▸ **TASK TO COMPLETE**
The required result is each line of the entries below containing the string "United".

▸ **EXTRACTED ENTRIES**
┌────────
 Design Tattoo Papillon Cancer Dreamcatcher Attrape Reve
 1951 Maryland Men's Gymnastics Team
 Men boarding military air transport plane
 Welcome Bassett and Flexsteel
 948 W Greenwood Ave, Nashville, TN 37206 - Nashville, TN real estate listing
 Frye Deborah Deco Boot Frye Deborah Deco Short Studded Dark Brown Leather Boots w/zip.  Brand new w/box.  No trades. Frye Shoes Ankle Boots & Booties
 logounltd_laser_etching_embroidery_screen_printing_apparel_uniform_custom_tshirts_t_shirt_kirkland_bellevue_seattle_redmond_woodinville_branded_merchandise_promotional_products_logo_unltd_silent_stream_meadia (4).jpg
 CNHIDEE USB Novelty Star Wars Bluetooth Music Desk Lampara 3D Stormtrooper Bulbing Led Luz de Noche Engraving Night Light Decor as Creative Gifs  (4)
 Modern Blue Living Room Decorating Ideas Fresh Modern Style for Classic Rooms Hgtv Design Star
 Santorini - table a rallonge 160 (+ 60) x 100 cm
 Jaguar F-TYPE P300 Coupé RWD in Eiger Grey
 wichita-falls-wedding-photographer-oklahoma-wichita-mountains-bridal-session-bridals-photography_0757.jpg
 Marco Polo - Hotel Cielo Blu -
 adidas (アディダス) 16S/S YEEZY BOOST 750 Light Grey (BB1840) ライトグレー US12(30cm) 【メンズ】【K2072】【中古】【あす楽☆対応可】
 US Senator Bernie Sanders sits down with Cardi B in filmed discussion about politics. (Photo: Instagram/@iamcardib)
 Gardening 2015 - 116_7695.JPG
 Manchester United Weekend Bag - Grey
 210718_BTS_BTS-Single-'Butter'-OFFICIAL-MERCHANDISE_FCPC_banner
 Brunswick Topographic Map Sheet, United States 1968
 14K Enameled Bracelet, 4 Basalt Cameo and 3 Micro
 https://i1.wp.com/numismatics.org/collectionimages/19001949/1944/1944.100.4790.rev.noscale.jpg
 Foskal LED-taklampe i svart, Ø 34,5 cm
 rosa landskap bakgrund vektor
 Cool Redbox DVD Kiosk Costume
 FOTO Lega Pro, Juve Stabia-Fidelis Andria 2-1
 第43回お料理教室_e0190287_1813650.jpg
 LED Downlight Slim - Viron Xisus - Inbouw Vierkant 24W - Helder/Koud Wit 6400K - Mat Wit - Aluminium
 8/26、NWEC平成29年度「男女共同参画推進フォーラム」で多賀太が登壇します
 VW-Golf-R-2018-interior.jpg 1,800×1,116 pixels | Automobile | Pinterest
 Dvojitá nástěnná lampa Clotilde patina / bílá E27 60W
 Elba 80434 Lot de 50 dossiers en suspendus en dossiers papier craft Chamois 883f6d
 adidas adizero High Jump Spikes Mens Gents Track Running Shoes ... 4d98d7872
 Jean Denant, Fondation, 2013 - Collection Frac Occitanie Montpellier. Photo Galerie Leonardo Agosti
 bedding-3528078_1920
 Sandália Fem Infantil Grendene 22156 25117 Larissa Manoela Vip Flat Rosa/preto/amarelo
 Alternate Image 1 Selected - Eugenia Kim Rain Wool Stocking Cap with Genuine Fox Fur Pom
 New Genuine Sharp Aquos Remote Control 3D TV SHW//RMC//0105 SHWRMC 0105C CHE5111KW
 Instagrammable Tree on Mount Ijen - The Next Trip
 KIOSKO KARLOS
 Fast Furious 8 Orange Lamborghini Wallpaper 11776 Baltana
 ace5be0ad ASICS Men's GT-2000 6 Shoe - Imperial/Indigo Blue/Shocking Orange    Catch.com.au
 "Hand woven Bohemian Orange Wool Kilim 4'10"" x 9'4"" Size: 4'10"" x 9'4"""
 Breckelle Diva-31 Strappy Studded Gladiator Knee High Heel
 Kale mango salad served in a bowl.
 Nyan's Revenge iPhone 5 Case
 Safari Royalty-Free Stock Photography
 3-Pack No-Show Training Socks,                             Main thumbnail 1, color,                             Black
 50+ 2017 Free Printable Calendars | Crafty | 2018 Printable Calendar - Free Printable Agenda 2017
└────────
▸ **SOLUTION BELOW**
 Manchester United Weekend Bag - Grey
 Brunswick Topographic Map Sheet, United States 1968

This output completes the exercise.